>>
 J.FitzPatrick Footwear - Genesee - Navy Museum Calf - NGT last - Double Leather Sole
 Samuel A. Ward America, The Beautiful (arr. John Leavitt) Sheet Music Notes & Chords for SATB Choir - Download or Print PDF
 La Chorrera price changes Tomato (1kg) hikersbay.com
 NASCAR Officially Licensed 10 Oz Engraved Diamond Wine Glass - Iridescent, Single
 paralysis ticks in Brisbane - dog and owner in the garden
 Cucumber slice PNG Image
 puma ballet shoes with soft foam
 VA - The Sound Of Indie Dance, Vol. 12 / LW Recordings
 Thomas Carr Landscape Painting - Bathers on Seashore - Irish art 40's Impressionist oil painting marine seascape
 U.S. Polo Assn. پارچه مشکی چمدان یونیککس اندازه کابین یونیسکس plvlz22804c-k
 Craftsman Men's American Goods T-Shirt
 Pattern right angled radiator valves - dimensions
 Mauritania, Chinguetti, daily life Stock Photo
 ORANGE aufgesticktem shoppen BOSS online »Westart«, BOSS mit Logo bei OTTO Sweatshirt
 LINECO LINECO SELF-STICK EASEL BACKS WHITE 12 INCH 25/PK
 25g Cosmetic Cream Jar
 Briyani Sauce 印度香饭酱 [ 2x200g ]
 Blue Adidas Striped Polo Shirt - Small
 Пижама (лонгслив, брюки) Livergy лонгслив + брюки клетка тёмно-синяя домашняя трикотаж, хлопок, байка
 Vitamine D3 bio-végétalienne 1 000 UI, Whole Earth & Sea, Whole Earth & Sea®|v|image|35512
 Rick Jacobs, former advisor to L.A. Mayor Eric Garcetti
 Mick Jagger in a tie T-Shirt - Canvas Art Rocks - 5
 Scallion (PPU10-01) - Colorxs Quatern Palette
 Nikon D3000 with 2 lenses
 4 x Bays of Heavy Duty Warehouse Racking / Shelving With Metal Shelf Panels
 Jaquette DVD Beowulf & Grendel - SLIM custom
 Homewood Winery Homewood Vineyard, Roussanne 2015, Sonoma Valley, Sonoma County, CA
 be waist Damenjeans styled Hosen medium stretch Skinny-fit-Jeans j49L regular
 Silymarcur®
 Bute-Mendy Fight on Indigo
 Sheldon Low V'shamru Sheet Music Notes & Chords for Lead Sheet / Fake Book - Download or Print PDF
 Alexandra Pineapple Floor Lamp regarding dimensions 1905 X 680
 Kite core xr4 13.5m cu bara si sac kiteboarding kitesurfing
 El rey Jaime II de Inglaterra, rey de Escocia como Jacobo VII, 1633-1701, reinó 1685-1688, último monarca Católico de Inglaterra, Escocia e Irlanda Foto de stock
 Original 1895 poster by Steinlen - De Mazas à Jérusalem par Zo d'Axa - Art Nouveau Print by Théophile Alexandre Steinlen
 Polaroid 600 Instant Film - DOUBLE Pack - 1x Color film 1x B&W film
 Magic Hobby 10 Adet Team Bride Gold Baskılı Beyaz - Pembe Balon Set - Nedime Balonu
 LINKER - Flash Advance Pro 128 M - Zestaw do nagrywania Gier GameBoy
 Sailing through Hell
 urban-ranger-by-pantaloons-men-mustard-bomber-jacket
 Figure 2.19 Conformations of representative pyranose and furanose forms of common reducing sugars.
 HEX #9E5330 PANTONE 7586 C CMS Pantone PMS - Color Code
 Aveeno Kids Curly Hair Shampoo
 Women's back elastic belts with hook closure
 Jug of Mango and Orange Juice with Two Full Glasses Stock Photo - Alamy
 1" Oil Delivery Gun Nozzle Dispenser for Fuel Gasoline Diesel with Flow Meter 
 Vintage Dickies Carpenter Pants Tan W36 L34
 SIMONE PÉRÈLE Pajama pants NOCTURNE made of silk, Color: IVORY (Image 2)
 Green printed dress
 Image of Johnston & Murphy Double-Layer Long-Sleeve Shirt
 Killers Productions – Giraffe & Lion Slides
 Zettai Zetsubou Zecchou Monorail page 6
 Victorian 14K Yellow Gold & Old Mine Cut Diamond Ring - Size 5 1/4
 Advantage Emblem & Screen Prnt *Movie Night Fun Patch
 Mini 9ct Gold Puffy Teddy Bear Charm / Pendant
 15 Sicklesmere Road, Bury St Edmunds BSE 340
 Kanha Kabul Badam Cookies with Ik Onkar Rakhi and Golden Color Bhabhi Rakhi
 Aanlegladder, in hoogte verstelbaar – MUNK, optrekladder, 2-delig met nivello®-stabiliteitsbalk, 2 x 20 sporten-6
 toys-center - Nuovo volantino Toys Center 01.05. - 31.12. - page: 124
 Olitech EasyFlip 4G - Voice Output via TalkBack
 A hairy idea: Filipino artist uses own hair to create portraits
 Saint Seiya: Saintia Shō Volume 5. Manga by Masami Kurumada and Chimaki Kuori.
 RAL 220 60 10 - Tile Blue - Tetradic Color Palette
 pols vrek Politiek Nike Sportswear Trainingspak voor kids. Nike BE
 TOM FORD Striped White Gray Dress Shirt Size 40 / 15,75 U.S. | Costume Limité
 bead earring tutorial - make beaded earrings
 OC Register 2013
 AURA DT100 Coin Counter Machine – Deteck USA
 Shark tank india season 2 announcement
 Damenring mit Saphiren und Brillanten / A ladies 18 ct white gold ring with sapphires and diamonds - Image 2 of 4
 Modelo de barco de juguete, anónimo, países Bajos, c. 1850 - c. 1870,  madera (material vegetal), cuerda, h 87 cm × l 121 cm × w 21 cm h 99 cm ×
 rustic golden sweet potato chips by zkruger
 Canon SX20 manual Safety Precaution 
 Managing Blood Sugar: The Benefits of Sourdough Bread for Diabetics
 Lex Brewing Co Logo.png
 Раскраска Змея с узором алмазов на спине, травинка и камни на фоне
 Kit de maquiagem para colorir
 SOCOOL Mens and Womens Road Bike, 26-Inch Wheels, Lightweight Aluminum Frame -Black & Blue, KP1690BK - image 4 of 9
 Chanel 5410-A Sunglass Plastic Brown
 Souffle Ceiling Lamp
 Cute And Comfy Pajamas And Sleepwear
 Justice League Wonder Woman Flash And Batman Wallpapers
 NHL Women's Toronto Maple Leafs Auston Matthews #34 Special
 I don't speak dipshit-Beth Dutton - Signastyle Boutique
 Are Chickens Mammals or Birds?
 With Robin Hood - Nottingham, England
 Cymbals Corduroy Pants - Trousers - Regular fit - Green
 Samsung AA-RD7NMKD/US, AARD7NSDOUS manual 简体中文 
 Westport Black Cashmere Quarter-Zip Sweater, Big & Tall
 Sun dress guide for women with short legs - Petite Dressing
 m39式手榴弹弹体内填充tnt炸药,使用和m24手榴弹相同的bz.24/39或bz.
<<
Go through the records above and copy every line with the word "Flash".

» **OUTPUT OF THE TASK**
 LINKER - Flash Advance Pro 128 M - Zestaw do nagrywania Gier GameBoy
 Justice League Wonder Woman Flash And Batman Wallpapers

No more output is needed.